INDIGENISATION minister Saviour Kasukuwere has reportedly approached the Police Protection Unit (PPU) seeking to have his security beefed up, claiming his life is in danger.

Report by Everson Mushava

Sources told NewsDay this week that Kasukuwere feared his life was under threat from enemies of the indigenisation and empowerment programme the minister is driving.

The minister is said to have claimed his detractors were also bent on destroying his image by alleging corruption in the indigenisation transactions made by the minister.

Kasukuwere allegedly now moved in a cavalcade of three vehicles including two police officers from the PPU who drove in one vehicle while two Central Intelligence Organisation (CIO) operatives followed in another. Another CIO operative reportedly drove with the minister in his official vehicle.

Kasukuwere, however, dismissed the reports as false saying he had nothing to fear and that he was not a “showman” who moved in a convoy.

“I don’t know anything about that. It could be beerhall talk. Why should I move in a convoy? I am not a showman,” he said yesterday.

PPU spokesperson Inspector Martin Mbokochena also denied the allegations and said his department was responsible only for static guards. He referred further questions to police spokesperson Assistant Commissioner Charity Charamba who said she was not aware of the development.

“I am hearing it from you. I will check, but currently I am in Bulawayo,” Charamba said early this week.

Kasukuwere, Transport minister Nicholas Goche and Mines minister Obert Mpofu have been targeted by the Zimbabwe Anti-Corruption Commission (ZACC) probe.

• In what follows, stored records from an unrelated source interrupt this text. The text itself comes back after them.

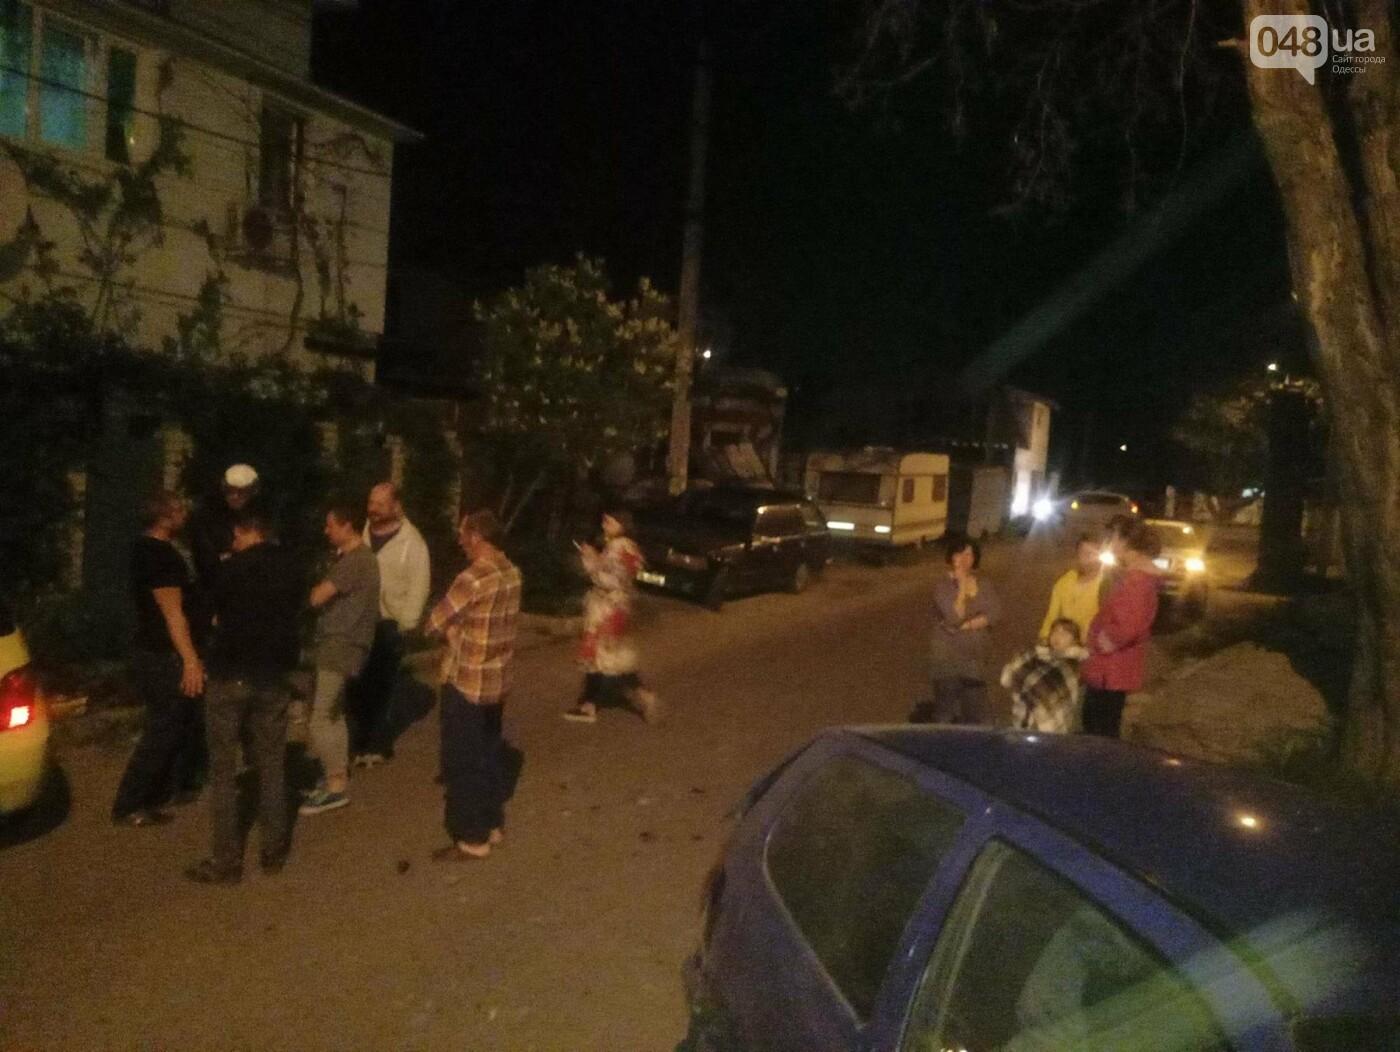 В Одесе угнанное с СТО авто попало в разрушительную аварию (ФОТО), фото-5
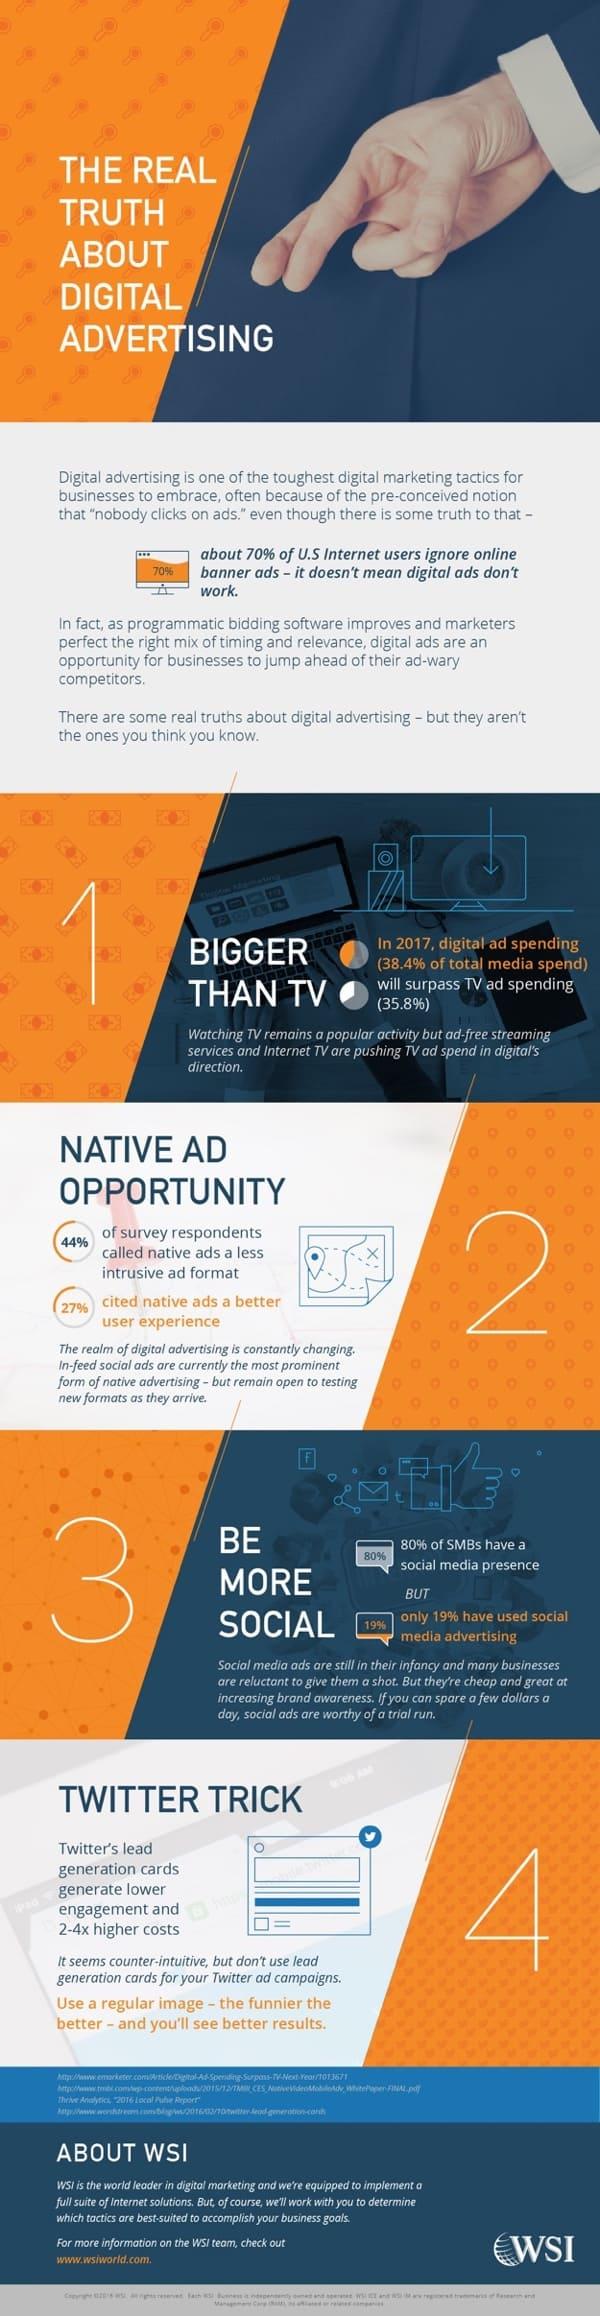 Marketing_6 Image
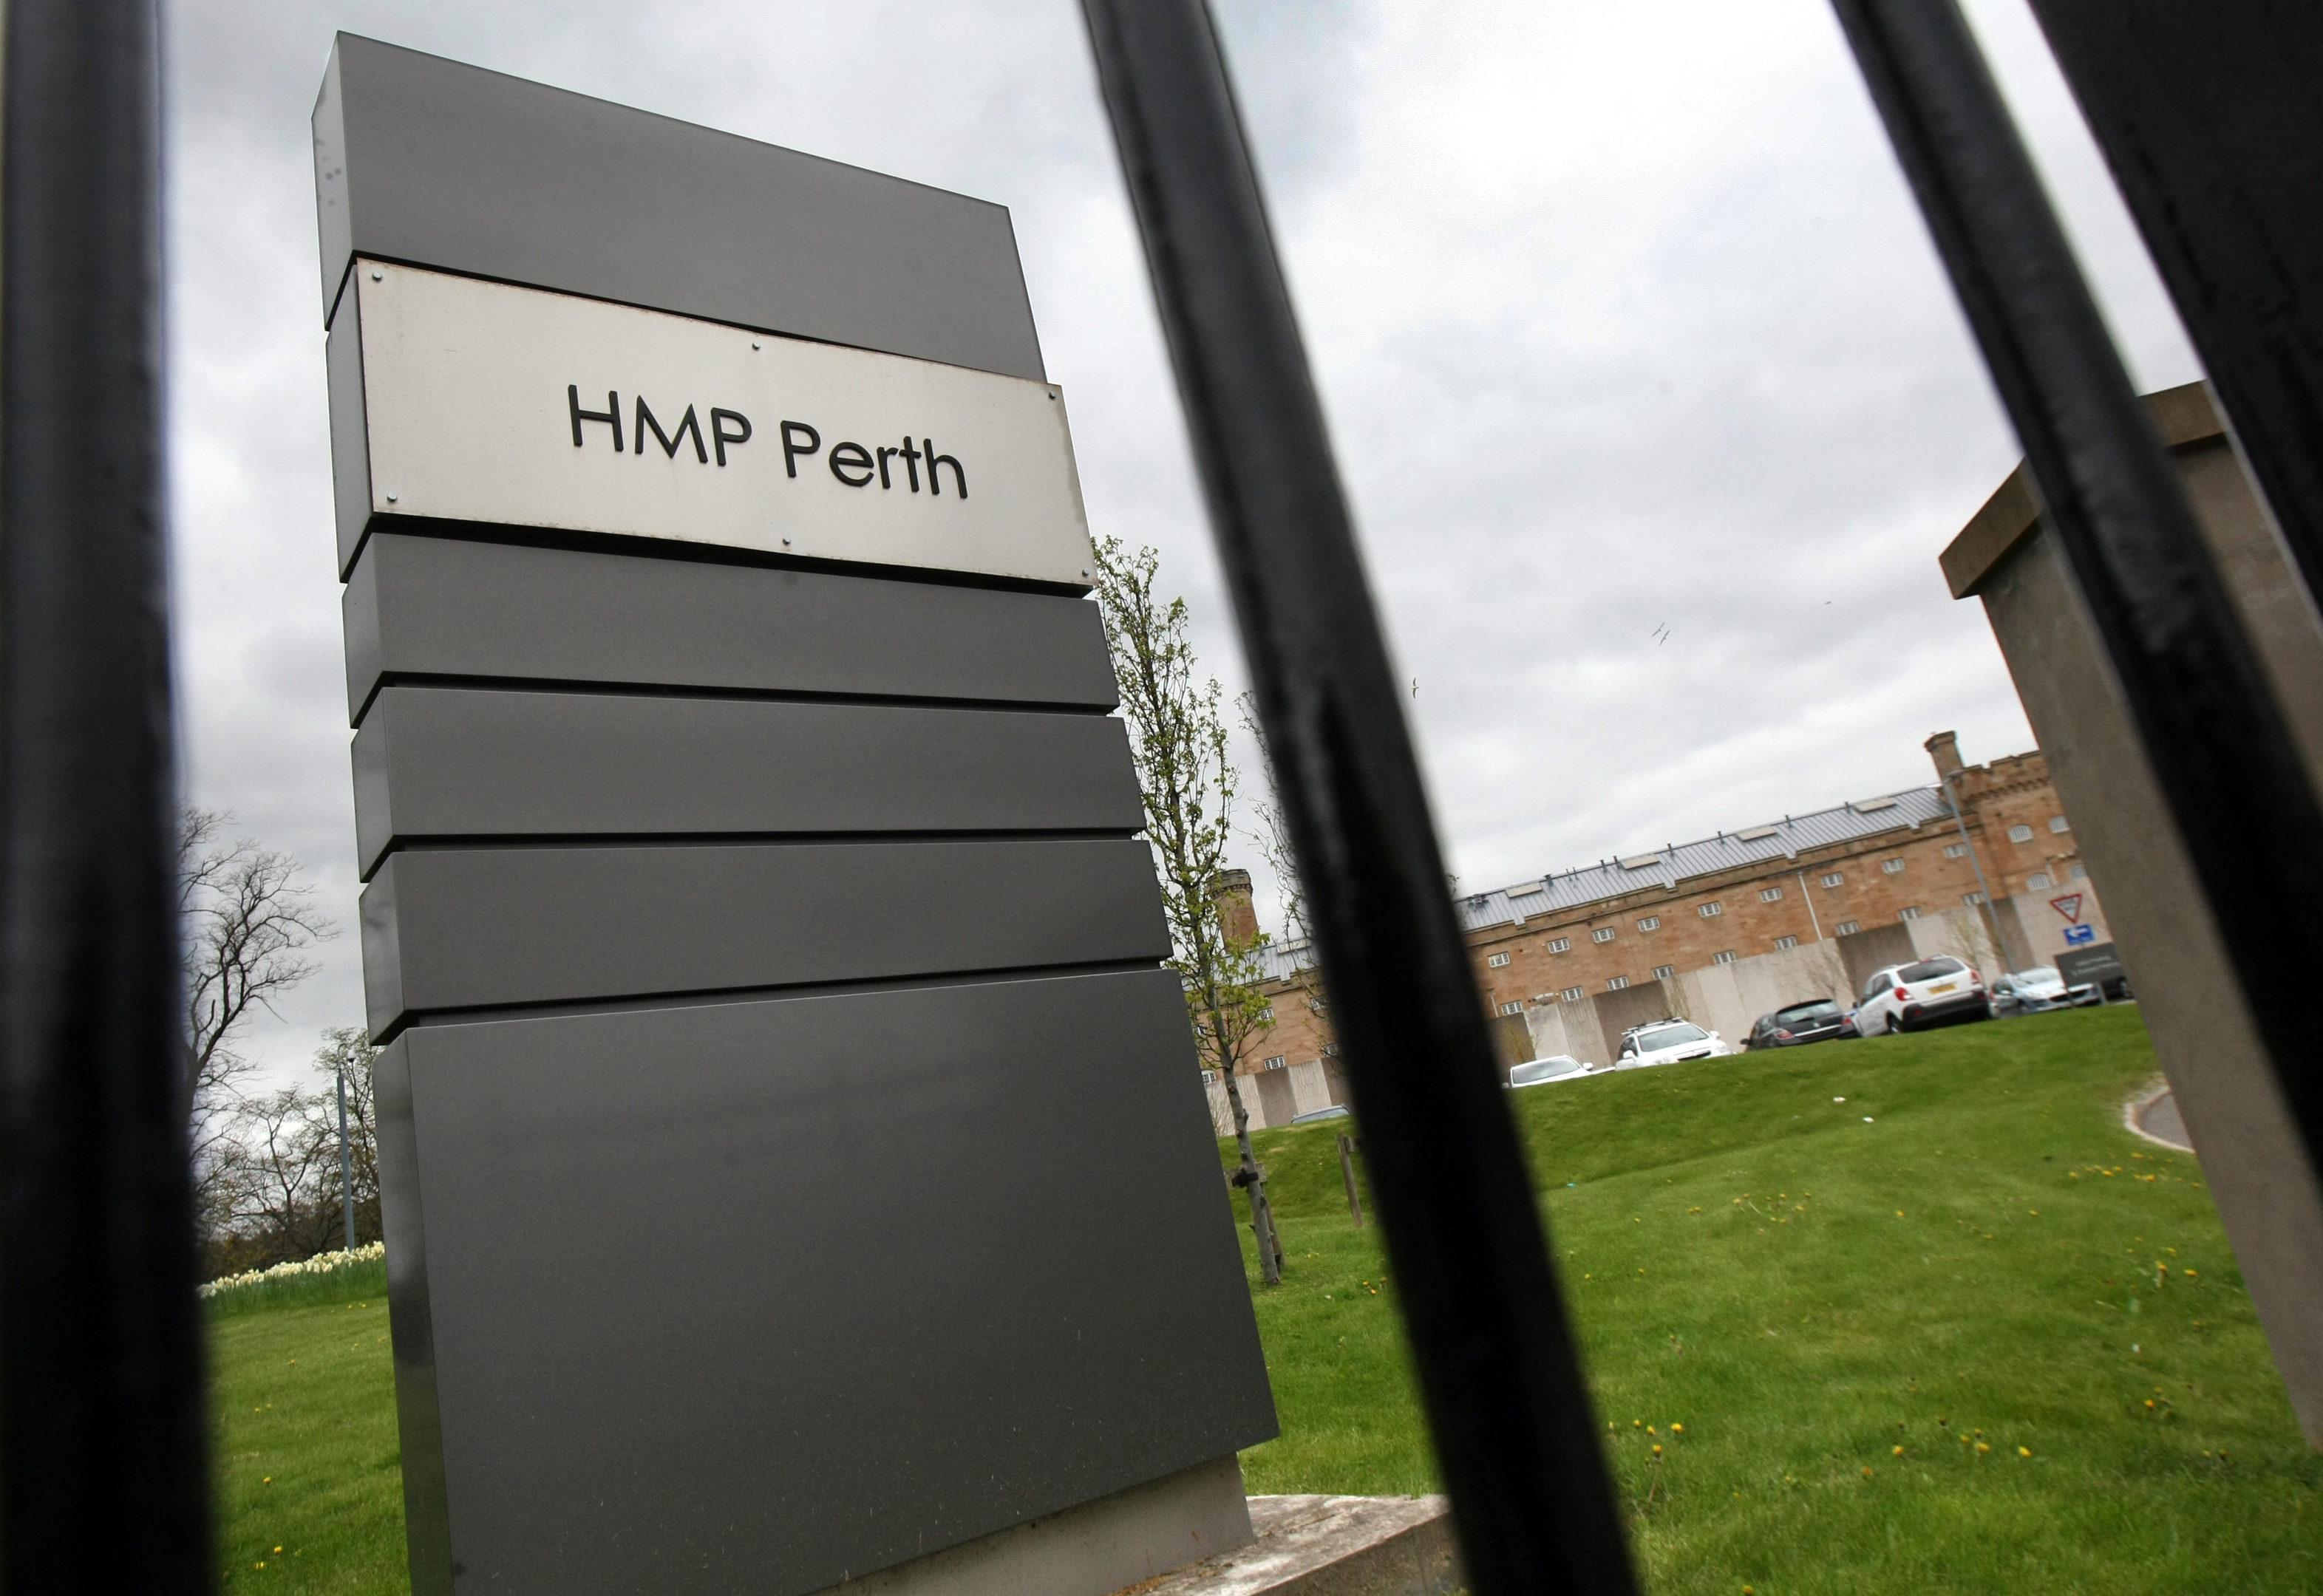 HMP Perth.

The High Court has, however, blocked the commission from searching the ministers’ offices on a technicality.

The Indigenisation minister has said the move could be the works of his detractors at the Reserve Bank of Zimbabwe who have allegedly been funding ZACC.

Central bank governor Gideon Gono and Kasukuwere have clashed on the indigenisation of banks and have made several exchanges in a war of words that has now spilled into the public domain.

Kasukuwere accused Gono of trying to derail the indigenisation drive.

Last week, Tsholotsho MP Jonathan Moyo, apparently fighting in Kasukuwere’s corner, invigorated his tirade against Gono, accusing him of sabotaging the indigenisation policy.

Gono has accused proponents of the indigenisation drive of being ill-advised.

“Some of those accusing me of undermining indigenisation now, were either still youngsters then or anti-Zanu PF donor-funded expatriates,” he said recently, in what seemed to be an attack on both Moyo and Kasukuwere.

Gono too was this week reportedly said to have received threats on his life and had left the country, allegedly fleeing the threats.

The central bank governor, however, immediately denied the allegations and said he was in Egypt on business.